BB thinks that, considering we have been dating for 50 weeks (he's actually counting), I should meet her. He met my parents ages ago, but they're cool parents, so I don't think that counts.
My biggest issue is what should I wear? I haven't had a great track record with mothers. Y's mother and I had an understanding (I hated her, I think she felt very much the same to the extent that I am still suspicious that she had something to do with our break-up, although frustratingly, I can't prove anything and nor do I really care anymore). For that meeting I went for Preppy (his Dad went to Cambridge and is some kind of Law Boffin. Equally annoyingly, I really liked him).
I clearly failed on that front, although I don't think I was ever unfortunate enough to get one of their "family nicknames" for outsiders. His elder sister's boyfriend was often referred to as "Bongo Billy" which I was always tremendously uncomfortable with. Luckily the poor boy was pushed out of the family in a similar way to the way that I later was.
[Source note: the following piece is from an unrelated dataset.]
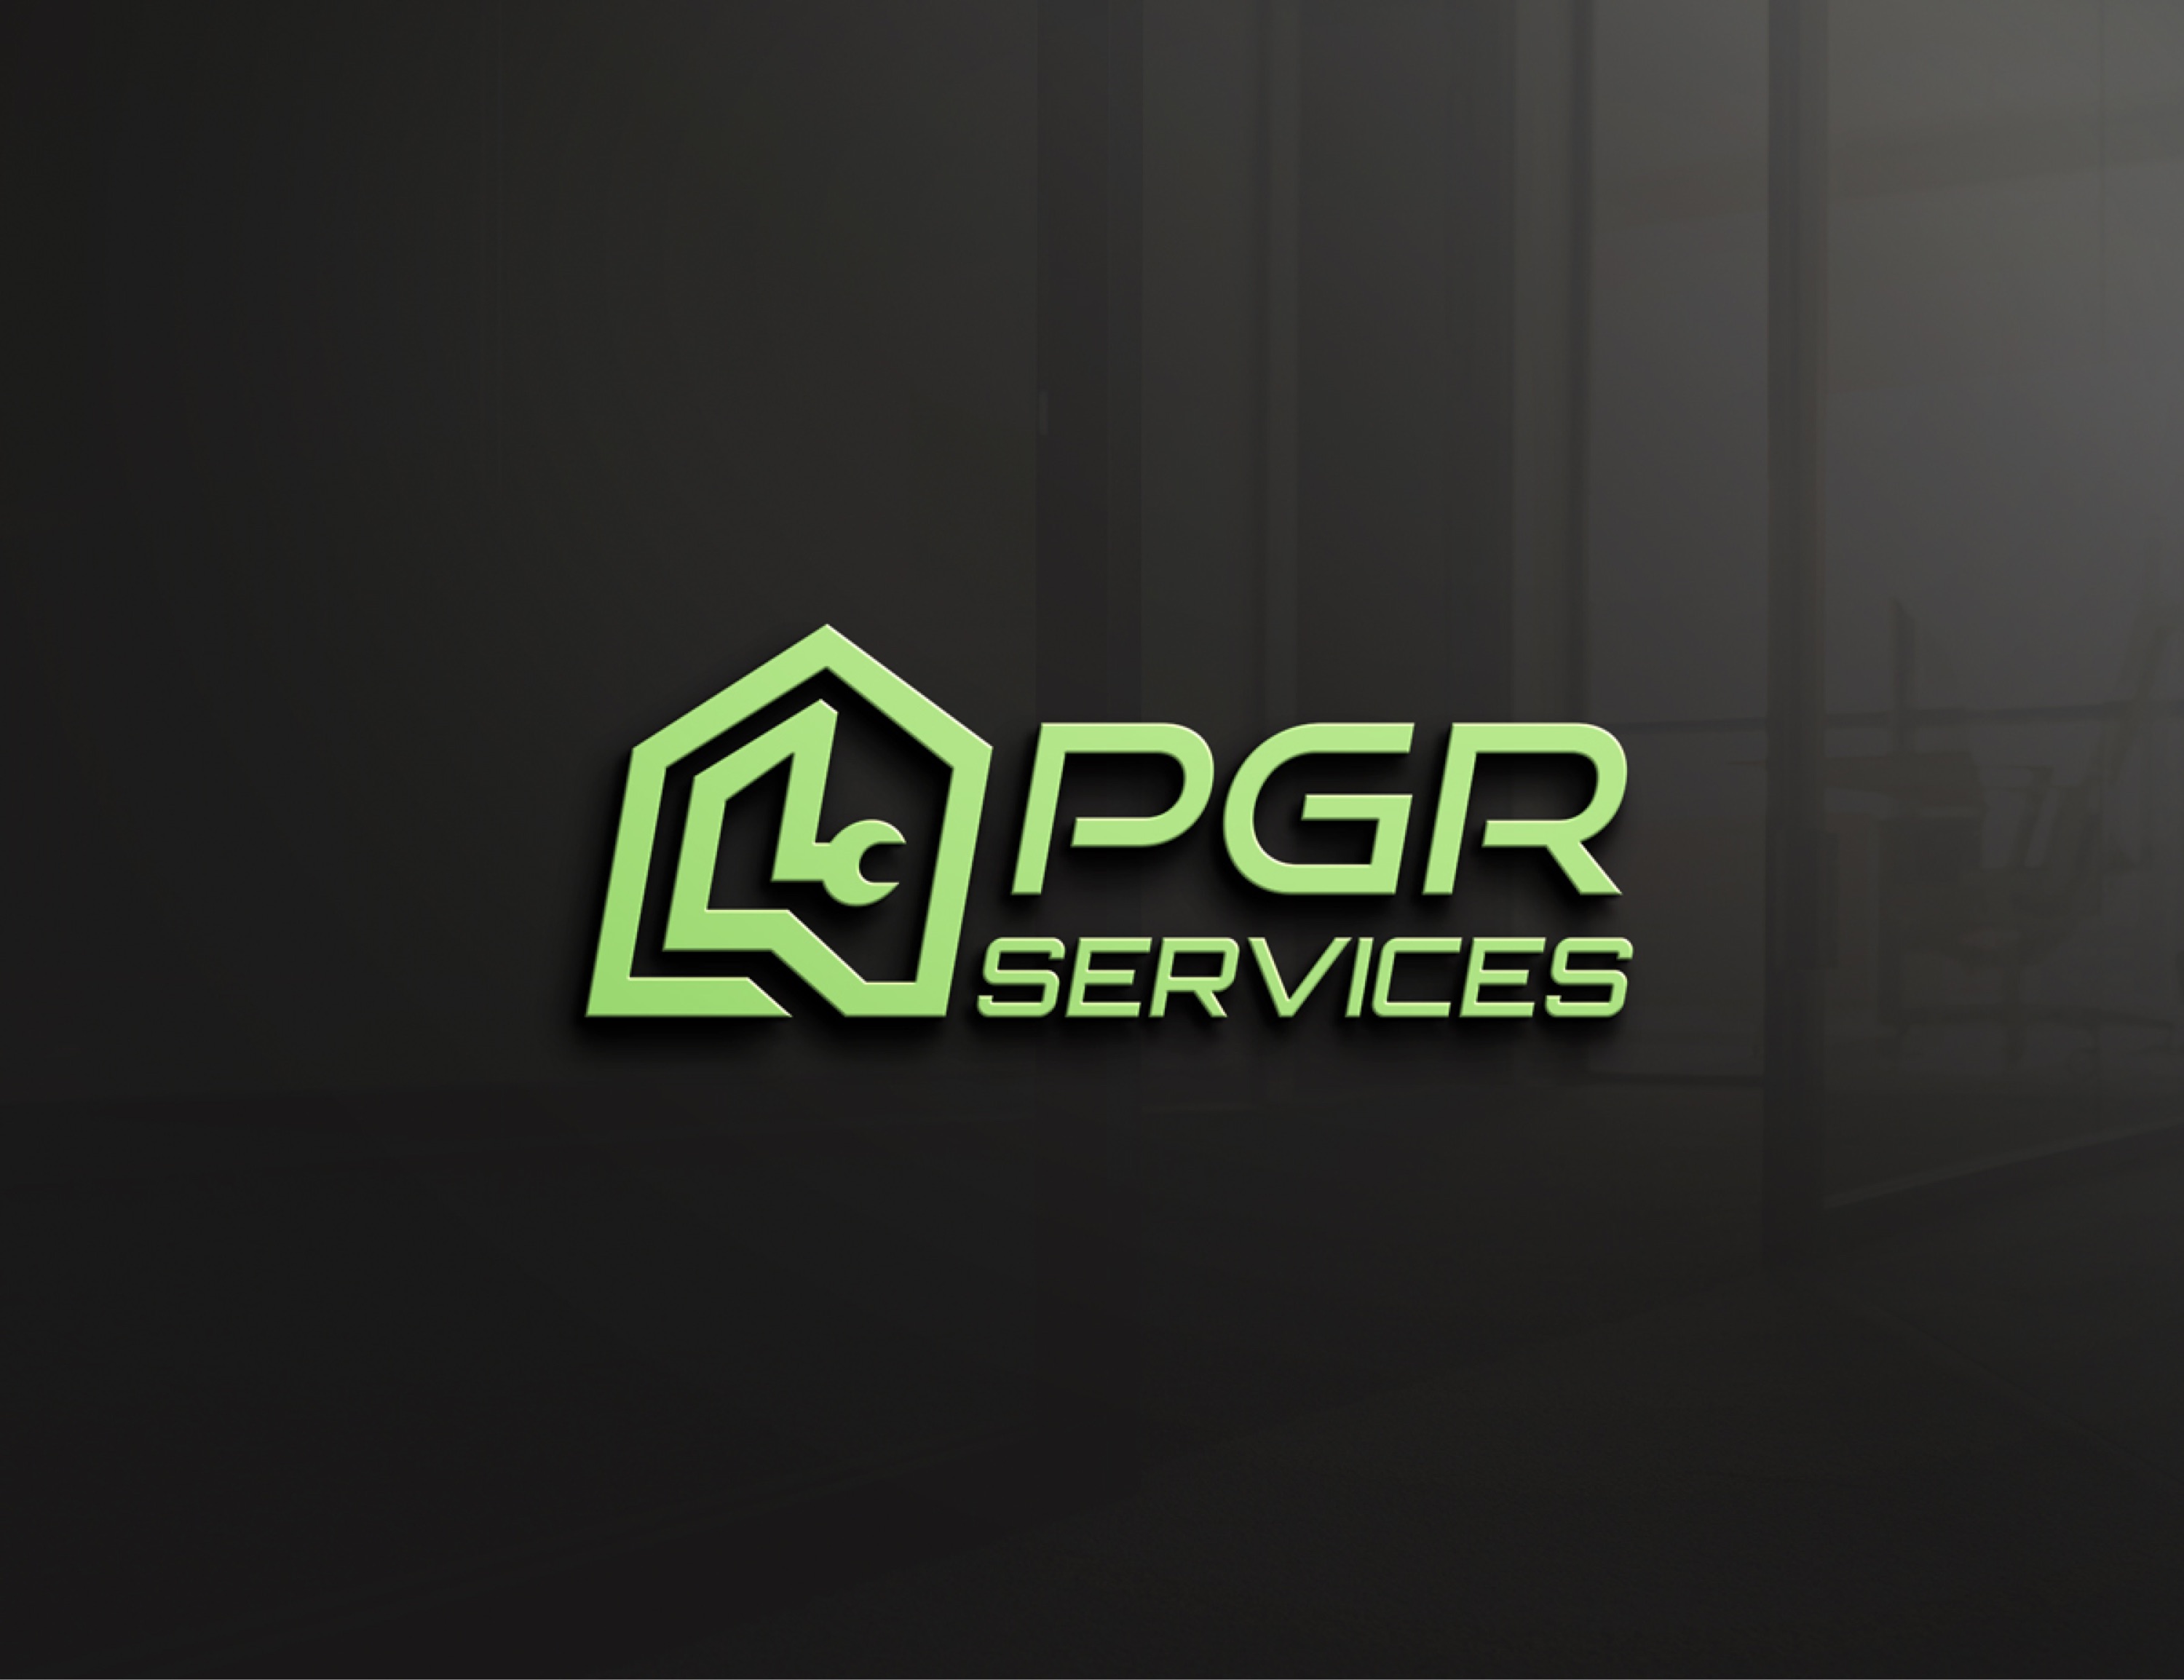 PGR Services Logo

So for meeting JJ's mother and father, I went for Sophisticated. This back fired as JJ's father seemed rather TOO impressed, if you catch my drift. His mother was lovely, although she did try to steal my full length Jasper Conran faux-fur winter coat.
I am thinking "Floral"? Or maybe Jeans and a top? I don't know!!! Help Me!!!
On top of all this, he has annouced that we should "do something" for our one year dating anniversary. I'm quite frankly amazed that he has even remembered. I wait with bated breath for his suggestion.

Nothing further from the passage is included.